2. Description of Related Art
The use of wireline well logging ("wireline logging") has long been an important technique utilized in the exploration and production of oil and gas. Generally, a sensitive measuring instrument is lowered on an armored cable into a wellbore, the cable having at least one conductor therein, and measurements are made at different depths in the well. The measuring instrument may include tools or sondes intended to perform electrical investigation, nuclear investigation, acoustic investigation or to test formation characteristics. Electrical logs are typically used to locate hydrocarbon reserves, whereas nuclear logs are employed to determine the volume of hydrocarbons in the reserves, typically by determining the porosity of the materials in potential production depths or zones identified by the electrical logs. Formation pressure testing logs ("formation testing logs") are utilized to determine the mobility or ease with which the reserves may be produced by determining the formation production zone pressure and permeability.

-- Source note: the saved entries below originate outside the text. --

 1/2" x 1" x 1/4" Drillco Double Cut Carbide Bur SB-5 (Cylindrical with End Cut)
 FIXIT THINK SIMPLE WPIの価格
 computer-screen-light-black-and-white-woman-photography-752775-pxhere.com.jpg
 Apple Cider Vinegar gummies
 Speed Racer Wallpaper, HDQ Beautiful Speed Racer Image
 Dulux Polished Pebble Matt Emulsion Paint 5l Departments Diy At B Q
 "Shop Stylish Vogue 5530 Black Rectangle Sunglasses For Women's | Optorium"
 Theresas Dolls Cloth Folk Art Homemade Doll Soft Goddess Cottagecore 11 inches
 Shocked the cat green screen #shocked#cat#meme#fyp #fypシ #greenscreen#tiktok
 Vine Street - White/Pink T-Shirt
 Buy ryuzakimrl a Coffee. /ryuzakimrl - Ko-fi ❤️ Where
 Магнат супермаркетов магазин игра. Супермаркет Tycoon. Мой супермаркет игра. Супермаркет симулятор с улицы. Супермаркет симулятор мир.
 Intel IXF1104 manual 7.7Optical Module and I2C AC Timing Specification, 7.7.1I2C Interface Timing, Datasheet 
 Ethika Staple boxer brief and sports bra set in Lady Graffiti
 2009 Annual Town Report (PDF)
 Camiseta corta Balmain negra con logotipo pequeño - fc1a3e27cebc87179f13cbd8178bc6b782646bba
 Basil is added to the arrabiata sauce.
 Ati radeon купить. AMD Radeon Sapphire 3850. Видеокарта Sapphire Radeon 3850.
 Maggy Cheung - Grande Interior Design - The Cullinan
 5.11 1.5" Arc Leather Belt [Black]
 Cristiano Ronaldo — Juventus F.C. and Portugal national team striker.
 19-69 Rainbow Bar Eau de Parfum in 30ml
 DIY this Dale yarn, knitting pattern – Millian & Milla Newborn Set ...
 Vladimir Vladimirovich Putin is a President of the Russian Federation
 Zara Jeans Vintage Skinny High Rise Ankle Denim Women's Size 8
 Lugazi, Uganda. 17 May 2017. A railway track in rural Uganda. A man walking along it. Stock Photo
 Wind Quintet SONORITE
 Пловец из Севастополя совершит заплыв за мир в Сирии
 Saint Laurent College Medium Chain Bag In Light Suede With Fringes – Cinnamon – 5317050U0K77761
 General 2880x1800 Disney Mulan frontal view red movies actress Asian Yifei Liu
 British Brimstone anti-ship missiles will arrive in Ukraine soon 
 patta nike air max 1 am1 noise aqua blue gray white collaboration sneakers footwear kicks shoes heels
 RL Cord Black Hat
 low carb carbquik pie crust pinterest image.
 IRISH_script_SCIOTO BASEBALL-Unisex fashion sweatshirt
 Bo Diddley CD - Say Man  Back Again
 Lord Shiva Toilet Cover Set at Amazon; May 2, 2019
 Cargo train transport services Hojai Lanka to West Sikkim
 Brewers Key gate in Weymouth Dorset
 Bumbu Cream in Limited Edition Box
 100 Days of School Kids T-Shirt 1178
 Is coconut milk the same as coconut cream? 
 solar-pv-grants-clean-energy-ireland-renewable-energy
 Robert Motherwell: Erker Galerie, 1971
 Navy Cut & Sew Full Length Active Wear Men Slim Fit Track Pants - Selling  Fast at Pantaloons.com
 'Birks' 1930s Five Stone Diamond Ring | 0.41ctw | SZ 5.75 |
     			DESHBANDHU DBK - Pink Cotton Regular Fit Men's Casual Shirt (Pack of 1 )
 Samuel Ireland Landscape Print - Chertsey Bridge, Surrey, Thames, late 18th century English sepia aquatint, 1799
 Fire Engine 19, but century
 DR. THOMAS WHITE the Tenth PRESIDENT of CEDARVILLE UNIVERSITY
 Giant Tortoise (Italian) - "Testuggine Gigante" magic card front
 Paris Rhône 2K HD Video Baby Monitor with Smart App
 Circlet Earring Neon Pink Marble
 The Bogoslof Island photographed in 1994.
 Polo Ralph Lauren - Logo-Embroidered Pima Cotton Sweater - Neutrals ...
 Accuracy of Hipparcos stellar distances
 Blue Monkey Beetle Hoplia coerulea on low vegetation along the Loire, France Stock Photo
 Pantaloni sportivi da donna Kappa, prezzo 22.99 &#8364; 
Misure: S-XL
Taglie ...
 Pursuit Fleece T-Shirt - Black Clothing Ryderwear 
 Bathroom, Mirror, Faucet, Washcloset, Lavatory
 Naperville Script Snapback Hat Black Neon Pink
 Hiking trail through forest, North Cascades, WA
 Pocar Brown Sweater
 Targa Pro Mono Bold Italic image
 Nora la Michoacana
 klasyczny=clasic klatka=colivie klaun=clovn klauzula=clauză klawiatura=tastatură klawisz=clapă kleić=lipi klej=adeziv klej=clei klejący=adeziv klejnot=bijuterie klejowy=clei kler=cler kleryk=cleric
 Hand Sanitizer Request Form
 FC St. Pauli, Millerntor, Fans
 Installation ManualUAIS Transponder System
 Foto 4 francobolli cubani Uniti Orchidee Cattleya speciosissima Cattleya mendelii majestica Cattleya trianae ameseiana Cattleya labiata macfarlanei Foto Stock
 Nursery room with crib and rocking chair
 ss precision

A wellbore is typically filled with a drilling fluid such as water or a water-based or oil-based drilling fluid. The density of the drilling fluid is usually increased by adding certain types of solids, such as various salts and other additives, that are suspended in solution. These salts and other additives are often referred to as "drilling muds." The solids increase the hydrostatic pressure of the wellbore fluids to help maintain the well and keep fluids of surrounding formations from flowing into the well. Uncontrolled flow of fluids into a well can sometimes result in a well "blowout."
The solids within the drilling fluid create a "mudcake" as they flow into a formation by depositing solids on the inner wall of the wellbore. The wall of the wellbore, along with the deposited solids, tends to act like a filter. The mudcake also helps prevent excessive loss of drilling fluid into the formation. The static pressure in the well bore and the surrounding formation is typically referred to as "hydrostatic pressure." Relative to the hydrostatic pressure in the wellbore, the hydrostatic pressure in the mudcake decreases rapidly with increasing radial distance. Pressure in the formation beyond the mudcake gradually tapers off with increasing radial distance outward from the wellbore.
As shown in FIG. 1A, pressure is typically distributed in a wellbore through a formation as shown by the pressure profile 100. Pressure is highest at the wellbore's inner wall, i.e., the inside surface of the mudcake at point and is equal to the hydrostatic pressure Pm 102 inside the wellbore. The mudcake acts like a filter, restricting the flow of fluids from the high pressure of the wellbore into the relatively lower pressure of the formation. Thus, there is a rapid pressure drop through the mudcake. The pressure at point 104 at the interface between the mudcake and the formation (the "sandface pressure") is substantially lower than the pressure at point 102 at the inside surface of the mudcake. Conventional mudcakes are typically between about 0.25 and 0.5 inch thick, and polymeric mudcakes are often about 0.1 inch thick. Beyond the mudcake, the formation exhibits a gradual pressure decrease illustrated by the slope 106.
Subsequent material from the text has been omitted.